▶ Task prompt: Give back the whole listing word for word and skip each picture.

▶ Input data:
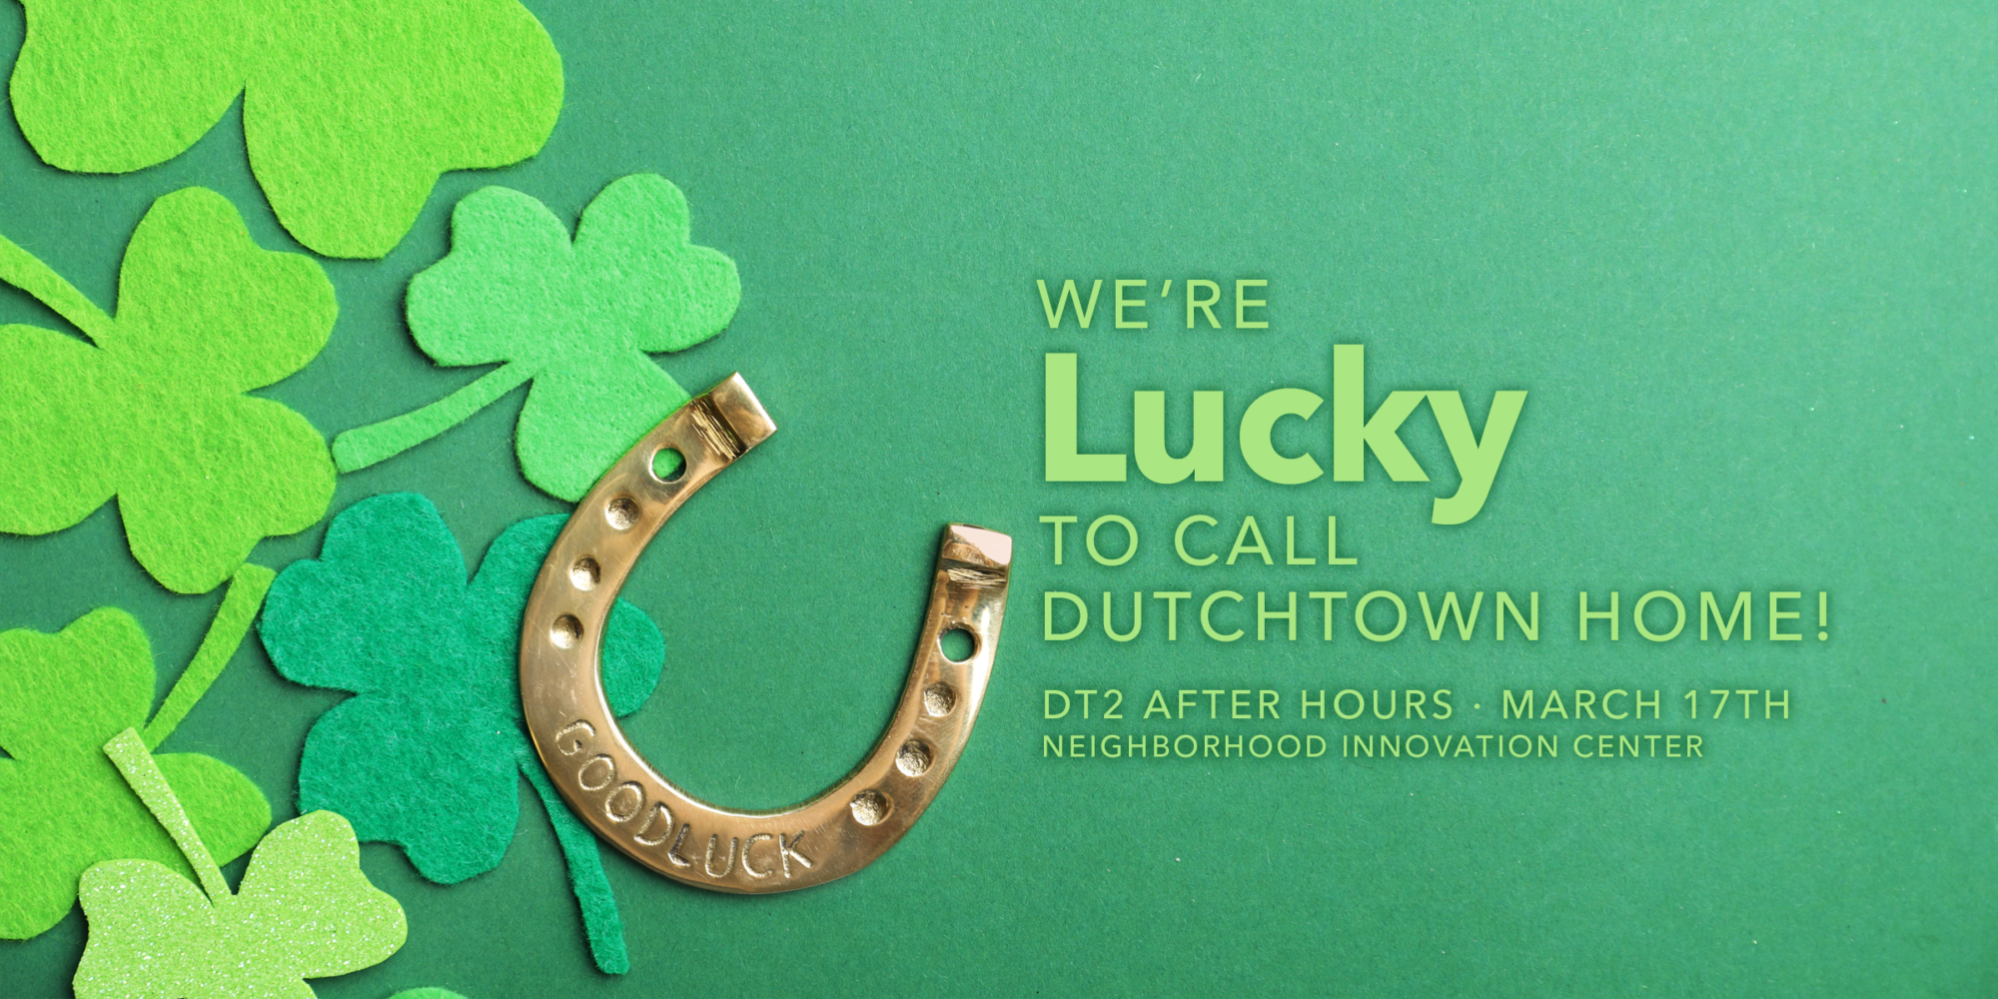 We're lucky to call Dutchtown home! DT2 After Hours: March 17th at the Neighborhood Innovation Center.
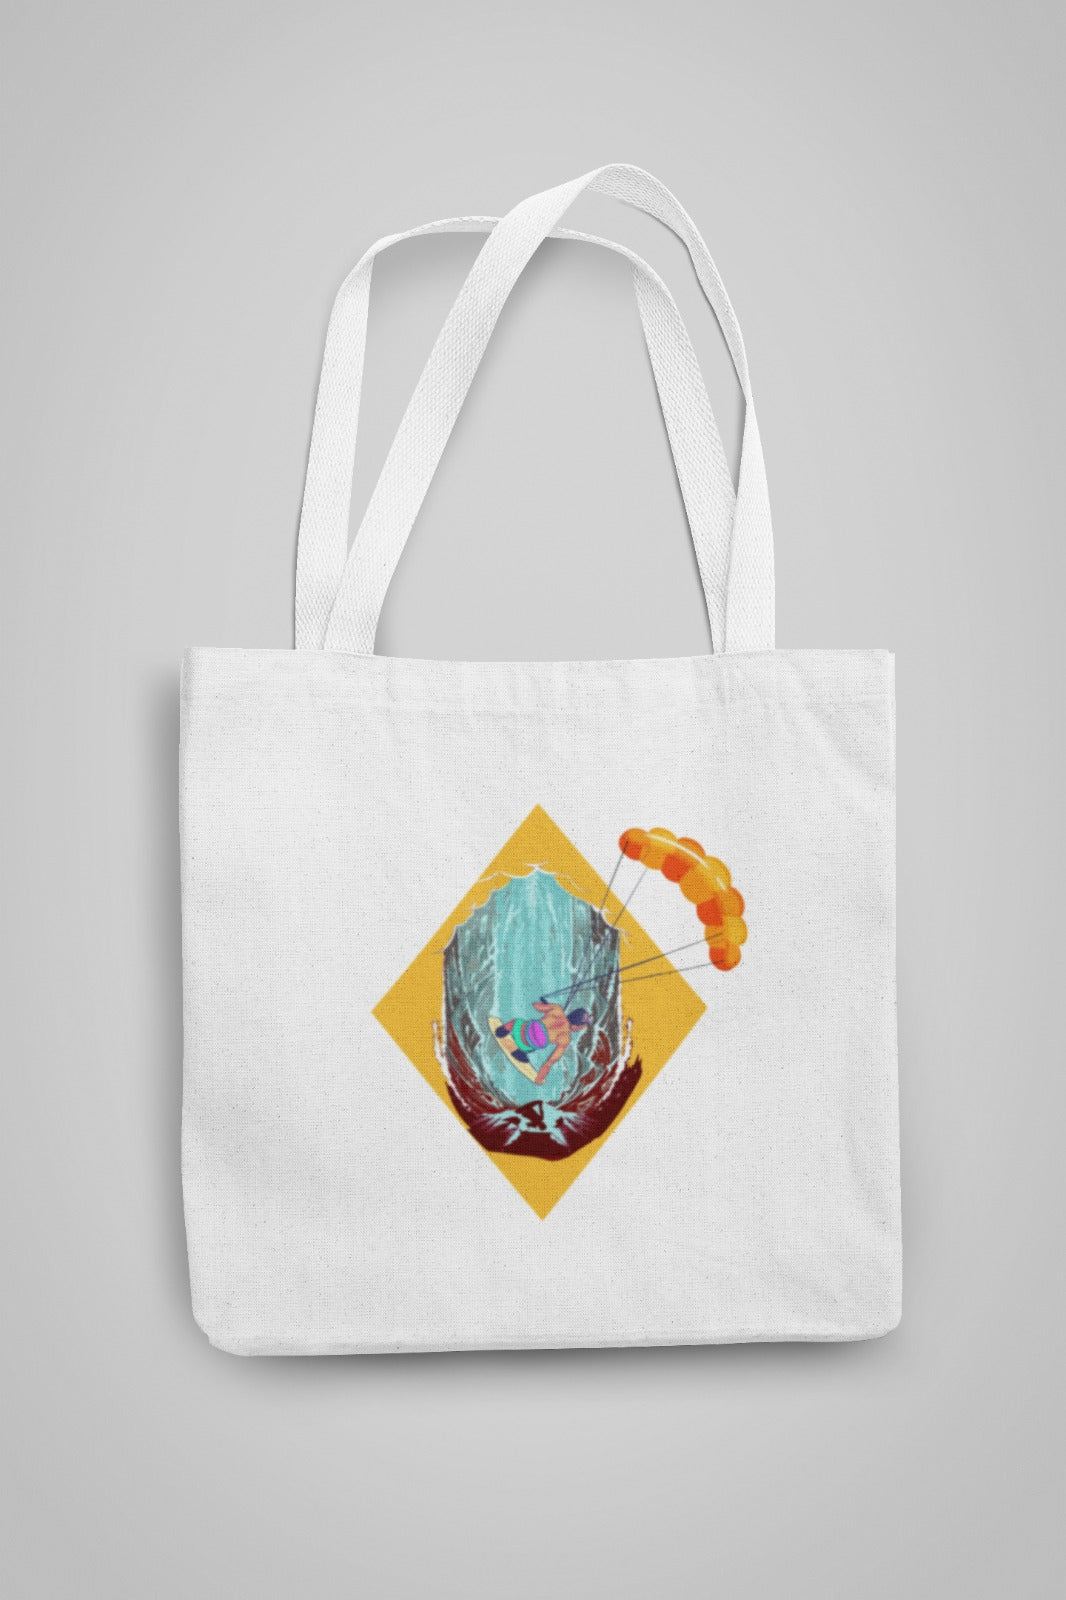 Surfing waterfalls Tote Bag With Zipper by @Bisky_t
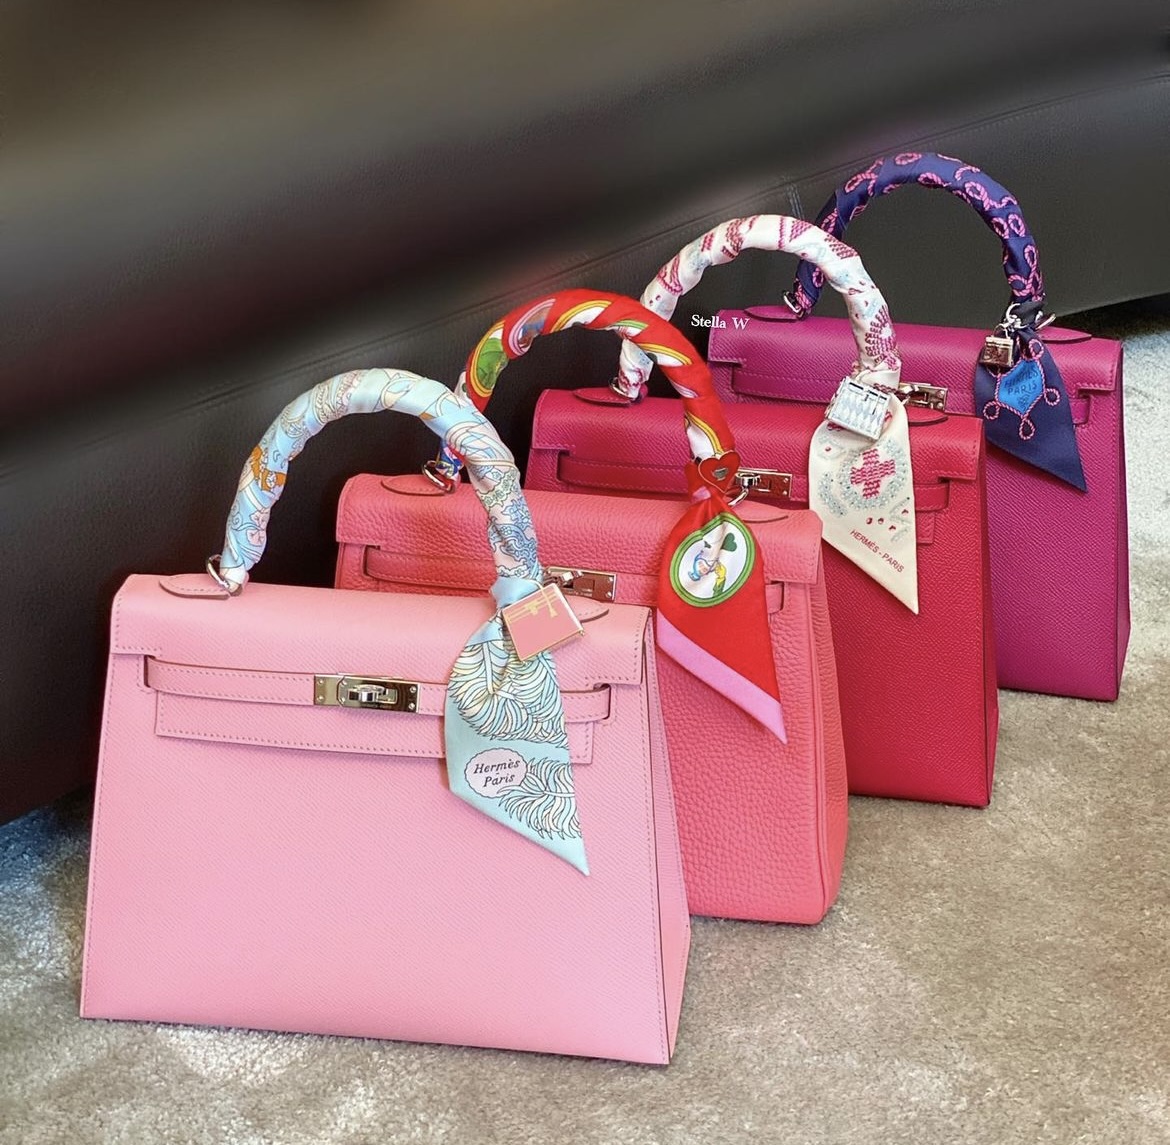 Why Does Hermès Produce Pink Bags With Palladium Hardware Instead of ...
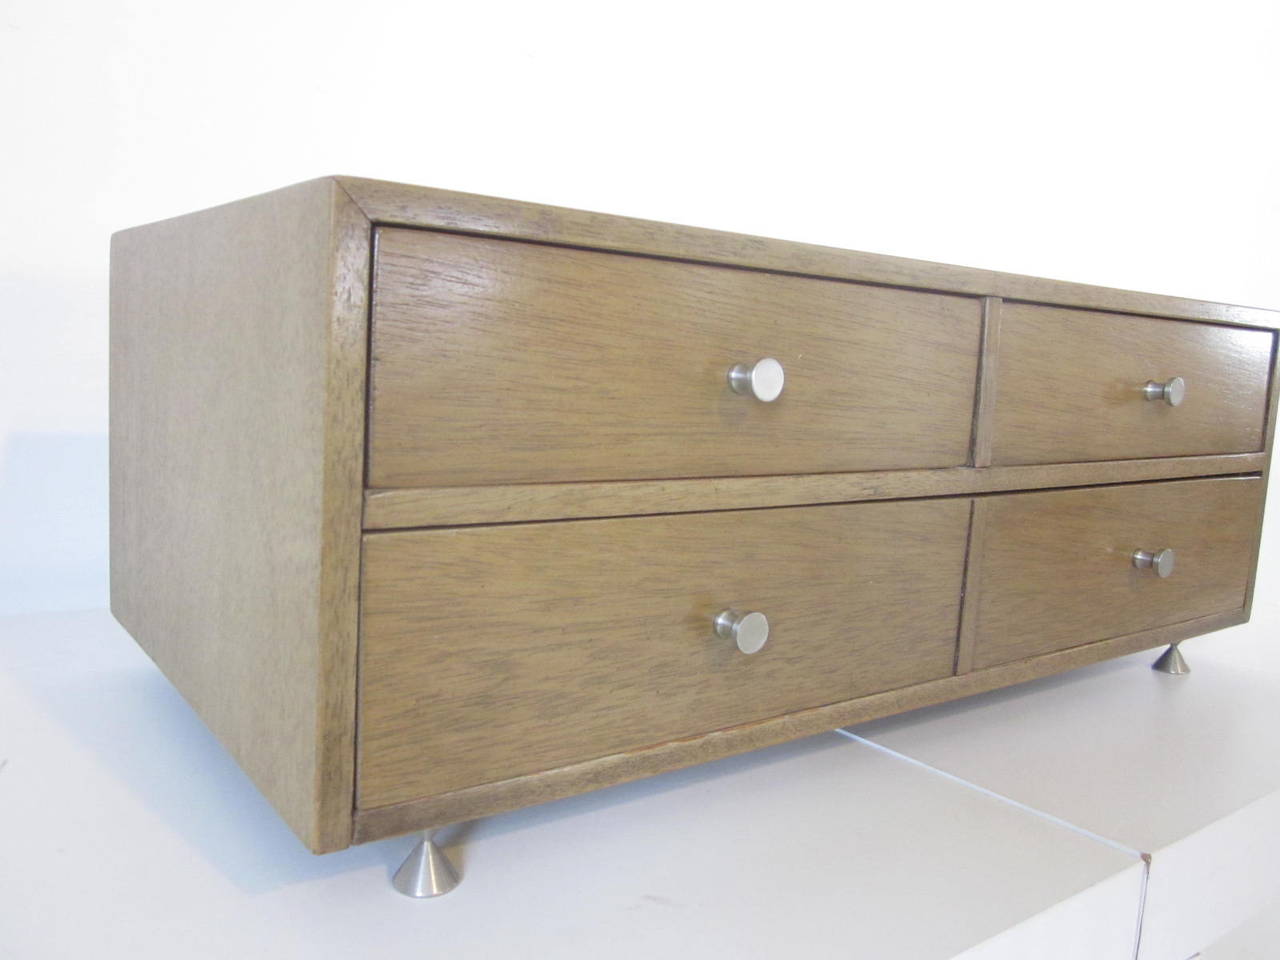 A three-drawer Mid-Century jewelry chest with stainless pulls and matching hour glass legs, bottom drawer has a adjustable divider.

▶ Output of the exercise:
 We're lucky to call Dutchtown home! DT2 After Hours: March 17th at the Neighborhood Innovation Center.
 Surfing waterfalls Tote Bag With Zipper by @Bisky_t
 Why Does Hermès Produce Pink Bags With Palladium Hardware Instead of ...
 A three-drawer Mid-Century jewelry chest with stainless pulls and matching hour glass legs, bottom drawer has a adjustable divider.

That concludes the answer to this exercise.